Exploring the Bundled Cluster Monitoring Tools
A Brief Summary
Continuent provides multiple methods out of the box to monitor the cluster health. The most popular is the suite of Nagios/NRPE scripts (i.e.
cluster-home/bin/check_tungsten_*). We also have Zabbix scripts (i.e.
cluster-home/bin/zabbix_tungsten_*). Additionally, there is a standalone script available,
tungsten_monitor, based upon the shared Ruby-based
tpm libraries. We also include a very old shell script called
check_tungsten.sh, but it is obsolete.
Implementing a Simple PagerDuty Alert
How To Add a PagerDuty Email Endpoint for Alerting
- Create a new user to get the alerts:
Configuration -> Users -> Click on the [+ Add Users] button
- Enter the desired email address and invite.

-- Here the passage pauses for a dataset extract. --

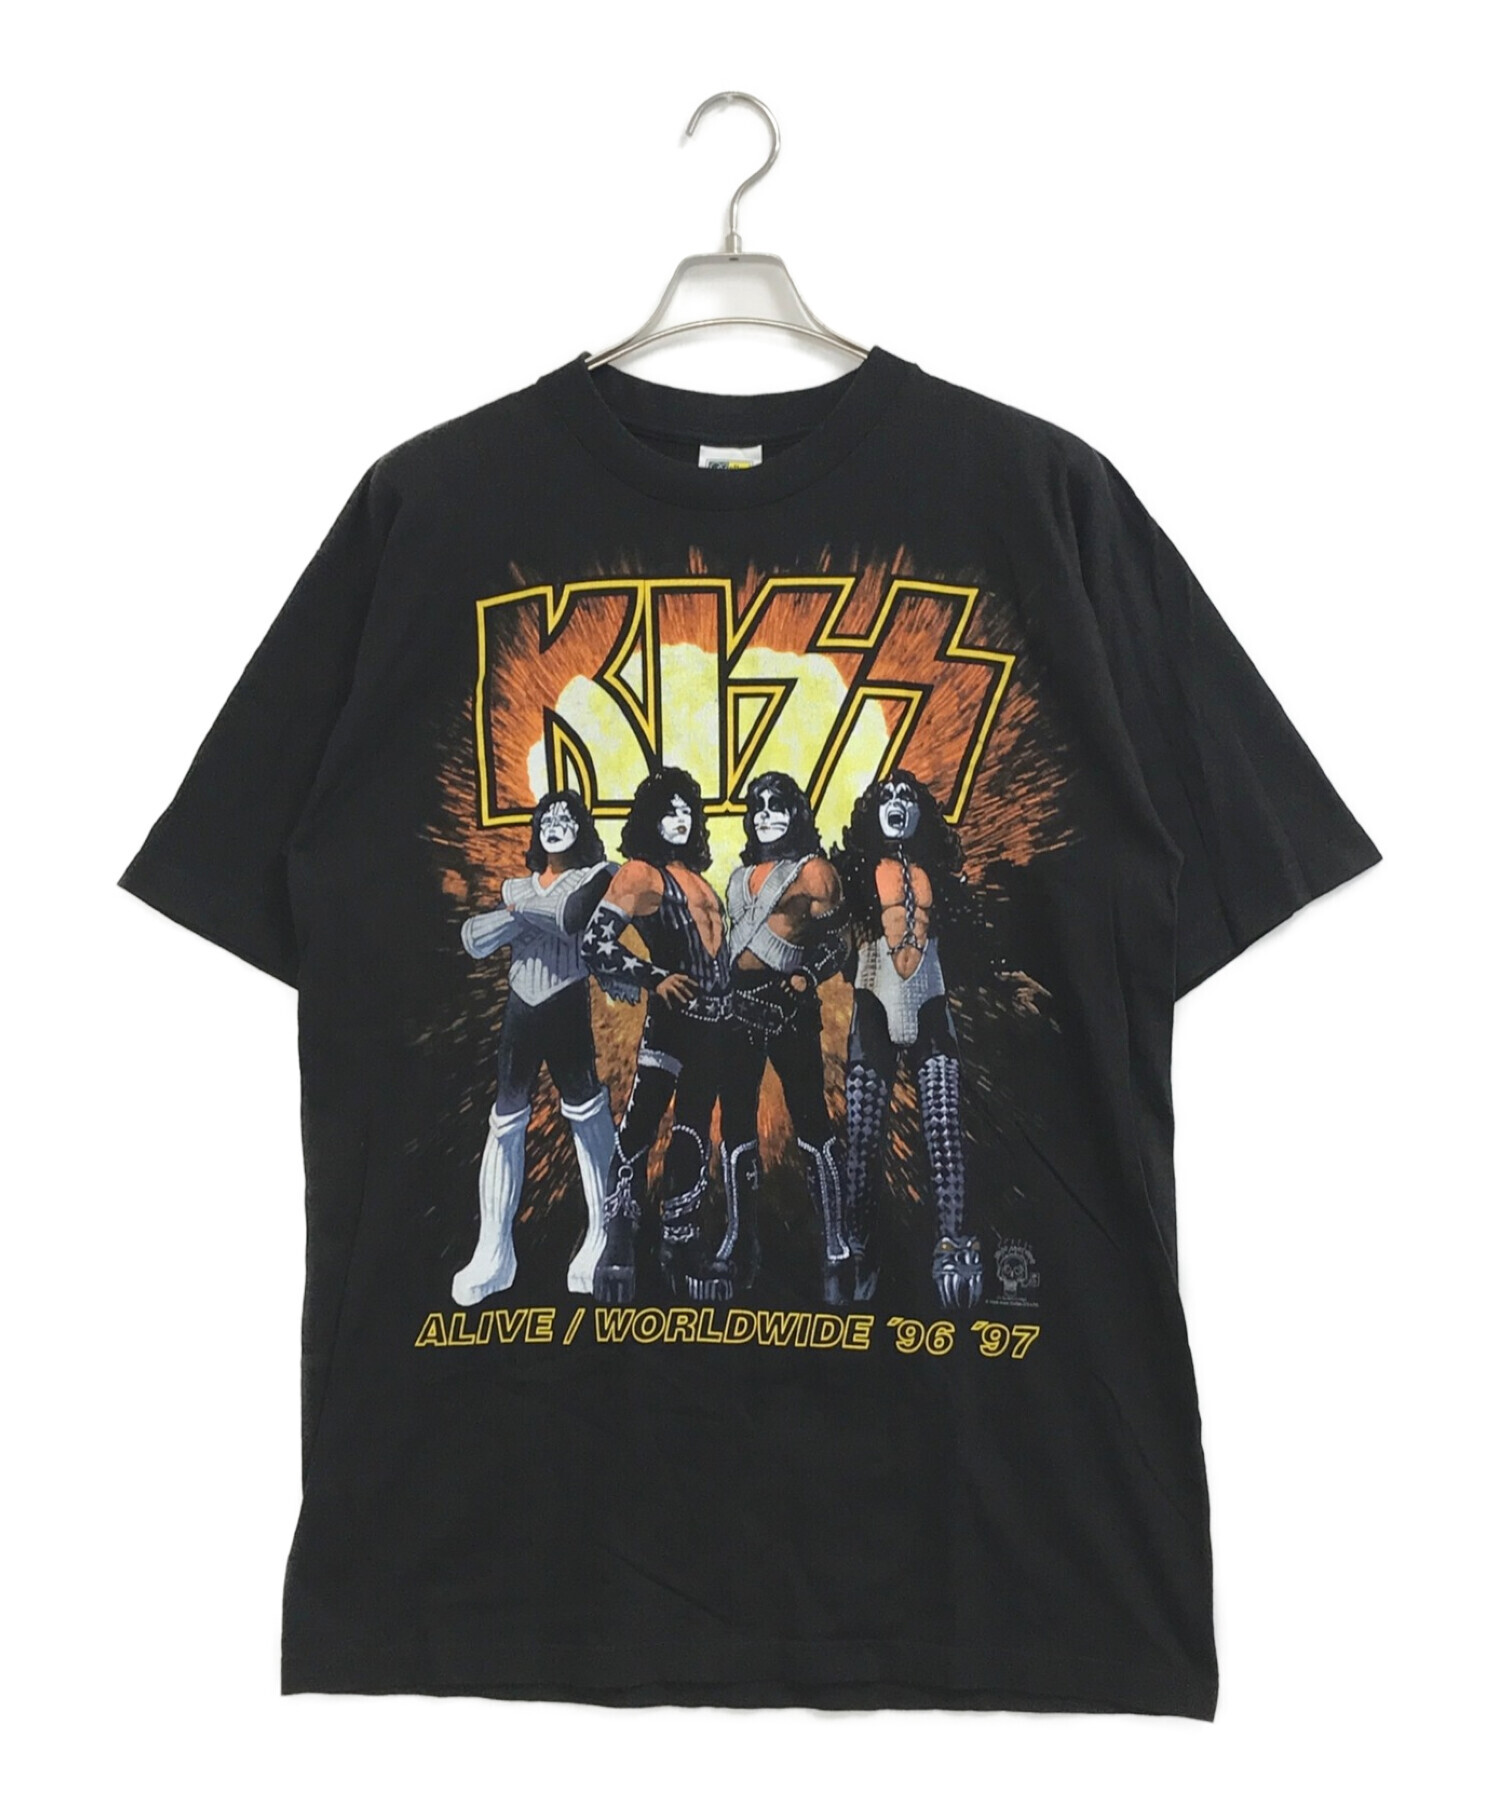 バンドTシャツ (バンドTシャツ) [古着]KISS バンドTシャツ サイズ:XL

Be sure to respond to the invitation before proceeding.
- Create a new escalation policy:
Configuration -> Escalation Policies -> Click on the [+ New Escalation Policy] button
- Enter the policy name at the top, i.e. Continuent Alert Escalation Policy
- "Notify the following users or schedules" - click in the box and select the new user created in the first step
- "escalates after" Set to 1 minute, or your desired value
- "If no one acknowledges, repeat this policy X times" - set to 1 time, or your desired value
- Finally, click on the green [Save] button at the bottom
- Create a new service:
Configuration -> Services -> Click on the [+ New Service] button
- General Settings: Name - Enter the service name, i.e. Continuent Alert Emails from Monitoring (what you type in this box will automatically populate the
- Integration Settings: Integration Type - Click on the second radio choice "Integrate via email"
- Integration Settings: Integration Name - Email (automatically set for you, no action needed here)
- Integration Settings: Integration Email - Adjust this email address, i.e. alerts, then copy this email address into a notepad for use later
- Incident Settings: Escalation Policy - Select the Escalation Policy you created in the third step, i.e. "Continuent Alert Escalation Policy"
- Incident Settings: Incident Timeouts - Check the box in front of Auto-resolution
- Finally, click on the green [Add Service] button at the bottom
At this point, you should have an email address like "alerts@yourCompany.pagerduty.com" available for testing.
Go ahead and send a test email to that email address to make sure the alerting is working.
If the test works, you have successfully setup a PagerDuty email endpoint to use for alerting, congratulations!
How to Send Alerts to PagerDuty using the tungsten_monitor Script
Invoking the Bundled Script via cron
tungsten_monitor script provides a mechanism for monitoring the cluster state when monitoring tools like Nagios aren't available.
Each time the
tungsten_monitor runs, it will execute a standard set of checks:
- Check that all Tungsten services for this host are running
- Check that all replication services and datasources are ONLINE
- Check that replication latency does not exceed a specified amount
- Check that the local connector is responsive
- Check disk usage
Additional checks may be enabled using various command line options.
The tungsten_monitor is able to send you an email when problems are found.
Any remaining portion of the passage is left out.